Bangladesh, India, Nepal and Pakistan are ranked among the five most polluted countries in the world, accounting for 60 percent of the person-years that would be lost globally if current pollution levels persist.
All of India’s 1.3 billion people live in areas where the annual average particulate pollution level exceeds the WHO guideline, found the report.
“Since 2013, about 44 percent of the world’s increase in pollution has come from India, where the particulate pollution level has increased from 53 µg/m3 then, to 56 μg/m3 today — roughly 11 times higher than the WHO guideline.”AQLI Report, University of Chicago
What is India Doing?
In recent years, the residents of India recognized air pollution as a major health threat and the government is beginning to respond.

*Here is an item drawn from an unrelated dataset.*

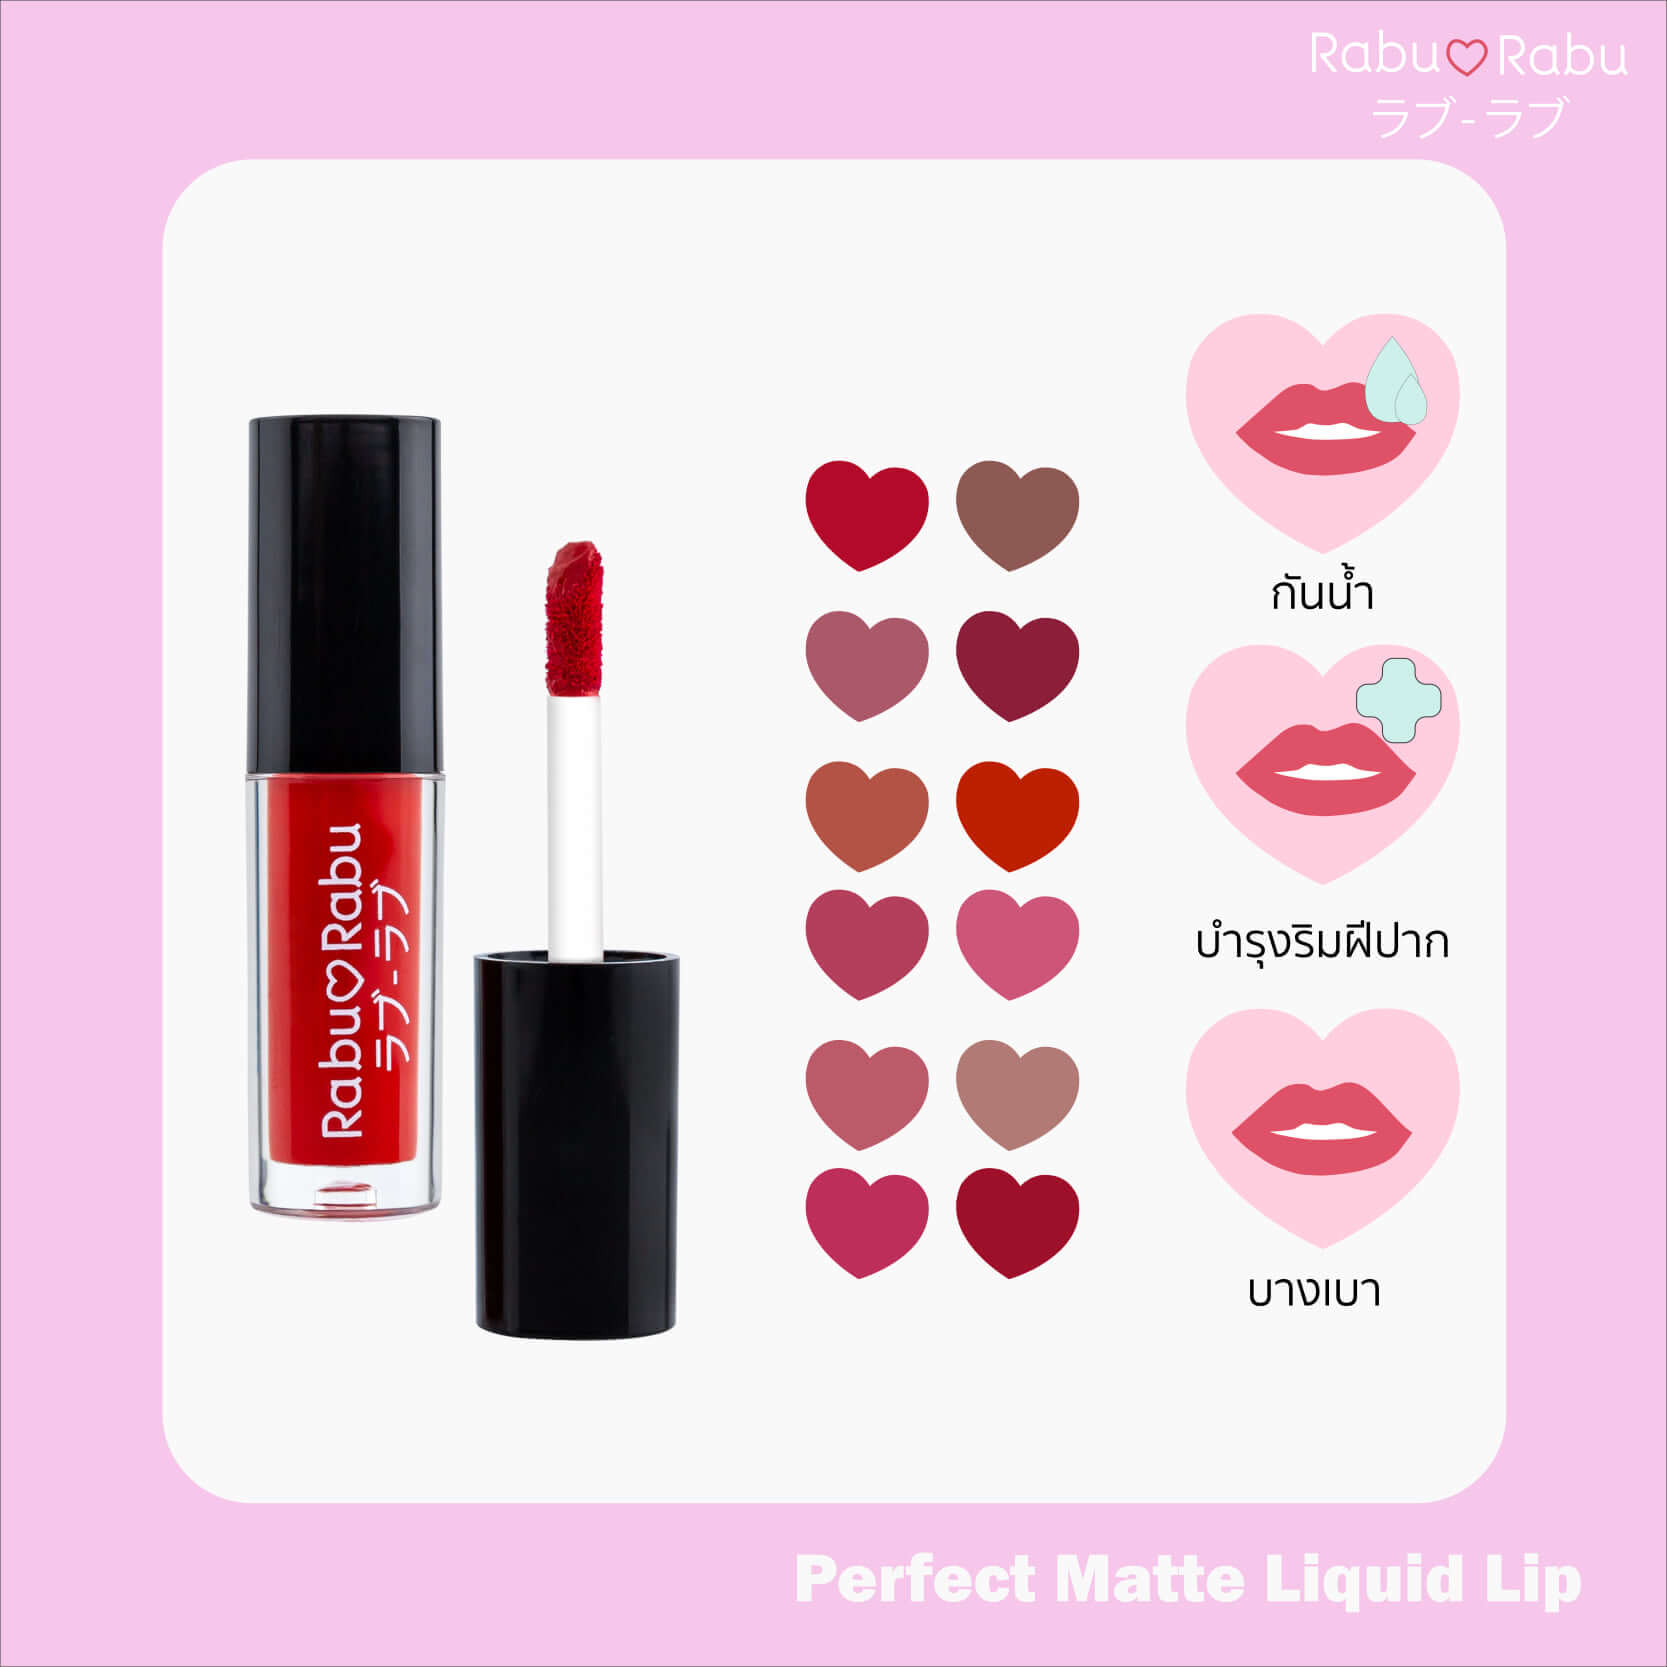 Rabu Rabu,Perfect Matte Liquid Mini Lip,Rabu Rabu Perfect Matte Liquid Mini Lip,lip,Lipstick,ลิปสติก,ลิปมินิ,Lip mini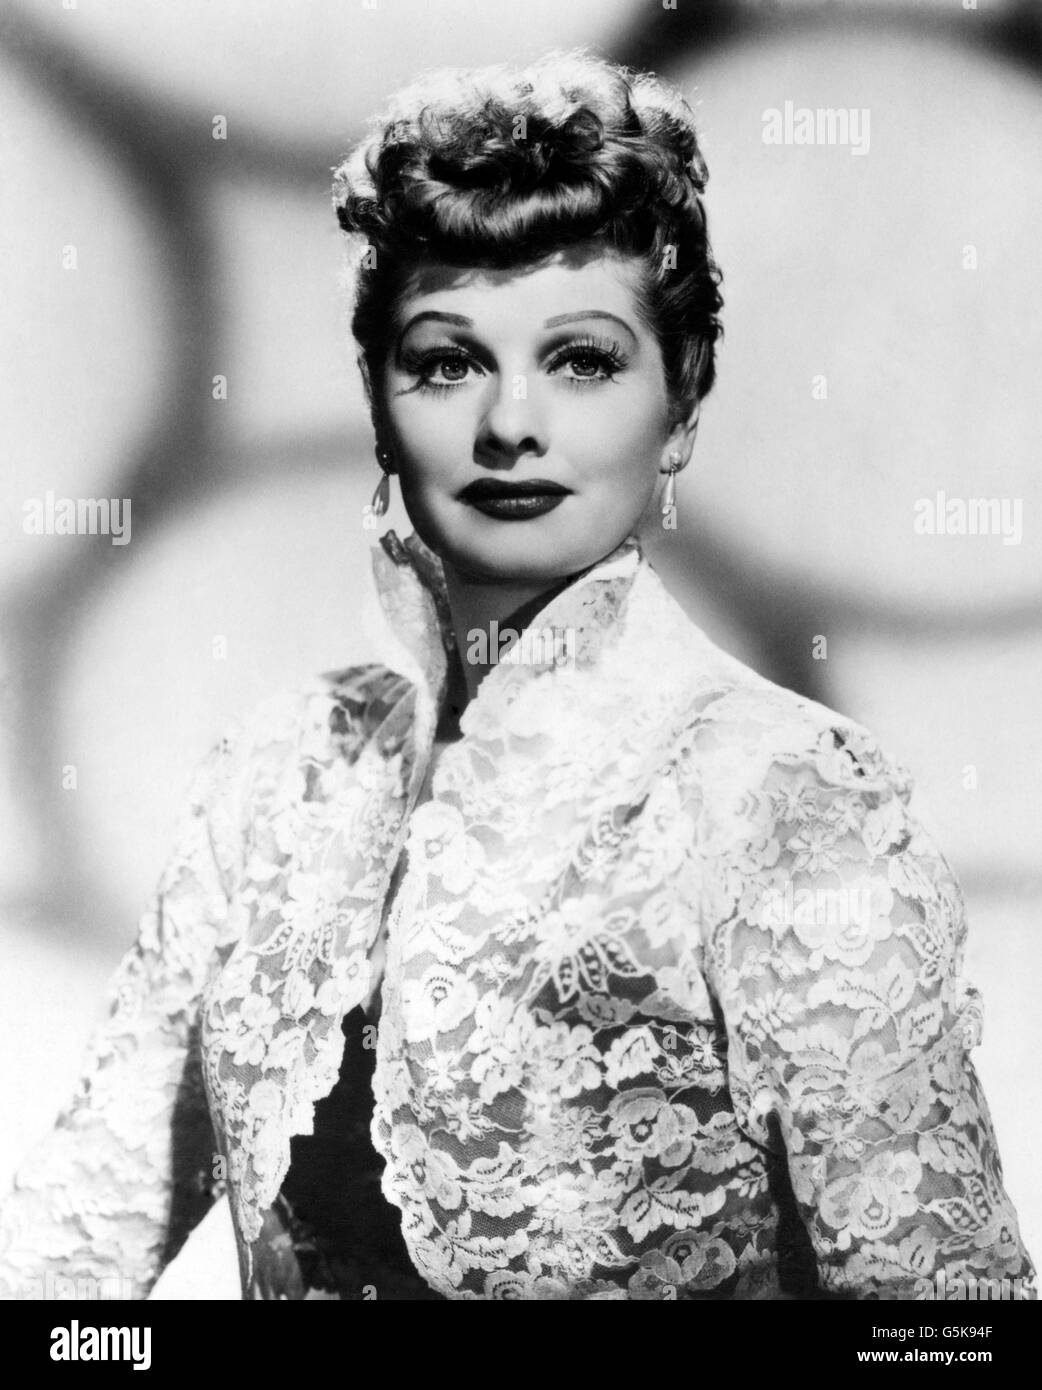 Entertainment - Actress Lucille Ball. American actress Lucille Ball. Stock Photo

In 2019, the Government of India launched its National Clean Air Programme (NCAP) that aimed at reducing harmful particulate matter levels by 20-30 percent before 2024, which is non-binding.
There is still hope for the country if the air pollution levels set by WHO are adhered to- life expectancy could increase by 10.1 years in Delhi, 7.9 years in Bihar, and 8.9 years in Uttar Pradesh, states the index report.
"India’s National Clean Air Programme has the potential to save 1.6 years of life," added the authors of the Chicago Study.
Since 2013, about 44 percent of the world’s increase in pollution has come from India.
After a long period of time, WHO also revised its guidelines and rehashed the ideal range for a particulate matter PM 2.5 to below five micrograms per cubic metre, on an annual average.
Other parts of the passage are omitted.